Likely to Become “Public Charge”

Any immigrant who, in the opinion of the consular officer at the time of application for a visa, or in the opinion of the Attorney General, is likely at any time to become a public charge is inadmissible, considering factors including the applicant’s age, health, family status, assets, financial status, education, and skills.

Labor Certification and Qualifications for Certain Immigrants

Any immigrant who seeks to enter the U.S. to perform skilled or unskilled labor is inadmissible, unless the Secretary of Labor makes certain determinations regarding the impact on U.S. workers and the economy. This ineligibility class is subject to a number of exceptions.

Aliens Previously Removed, and Individuals in Violation of Immigration Laws

Certain aliens who were previously removed from the U.S., certain aliens who are unlawfully present in the U.S., and certain individuals who are in violation of U.S. immigration laws, including documentation requirements.
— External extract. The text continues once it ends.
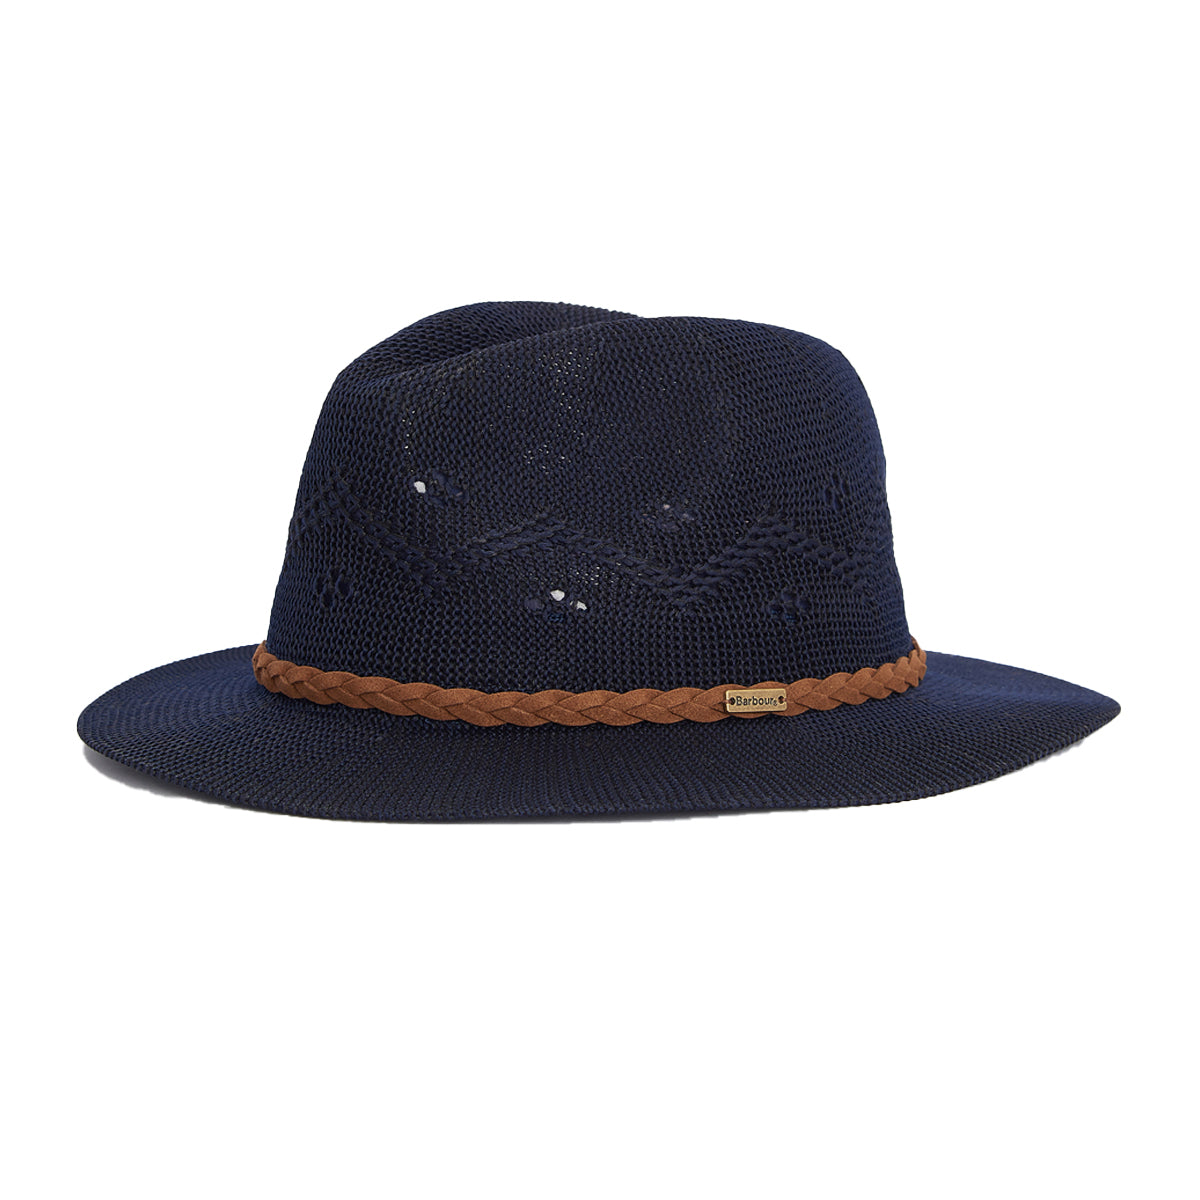 Barbour Flowerdale Trilby Summer Hat

How to Become Legal: Special Cases

August 13, 2011

The normal waiting period to obtain eligibility for naturalization is five years, but there are certain exceptions.  Here are the special cases and exceptions to the standard eligibility requirements to apply for naturalization, according to FindLaw:

Spouses of U.S. Citizens

Generally, certain lawful permanent residents married to a U.S. citizen may file for naturalization after residing continuously in the United States for three years if immediately preceding the filing of the application:

  • the applicant has been married to and living in a valid marital union with the same U.S. citizen spouse for all three years;
  • the U.S. spouse has been a citizen for all three years and meets all physical presence and residence requirements; and
  • the applicant meets all other naturalization requirements.

There are also exceptions for lawful permanent residents married to U.S. citizens stationed or employed abroad. Some lawful permanent residents may not have to comply with the residence or physical presence requirements when the U.S. citizen spouse is employed by one of the following:

  • the U.S. Government (including the U.S. Armed Forces);
  • American research institutes recognized by the Attorney General;
  • recognized U.S. religious organizations;
  • U.S. research institutions;
  • an American firm engaged in the development of foreign trade and commerce of the United States; or
  • certain public international organizations involving the United States.

Children of U.S. Citizens

Generally, U.S. citizen parents of children born abroad may file a N-600 Application for Certificate of Citizenship. This form should be completed in accordance with the instructions provided and should be accompanied by 2 photographs of the child, copies of any documents that verify eligibility, and the required filing fee to be considered complete and ready to process.

Adopted children of citizen parents acquire citizenship. For adopted children, adoptive parents file an N-643 instead of an N-600. However, adopted children over 18 must file an N-400.

Veterans of U.S. Armed Forces

Certain applicants who have served in the U.S. Armed Forces are eligible to file for naturalization based on current or prior U.S. military service. Such applicants should file the N-400 Military Naturalization Packet.

Lawful Permanent Residents with Three Years U.S. Military Service

An applicant who has served for three years in the U.S. military and who is a lawful permanent resident is excused from any specific period of required residence, period of residence in any specific place, or physical presence within the United States if an application for naturalization is filed while the applicant is still serving or within six months of an honorable discharge.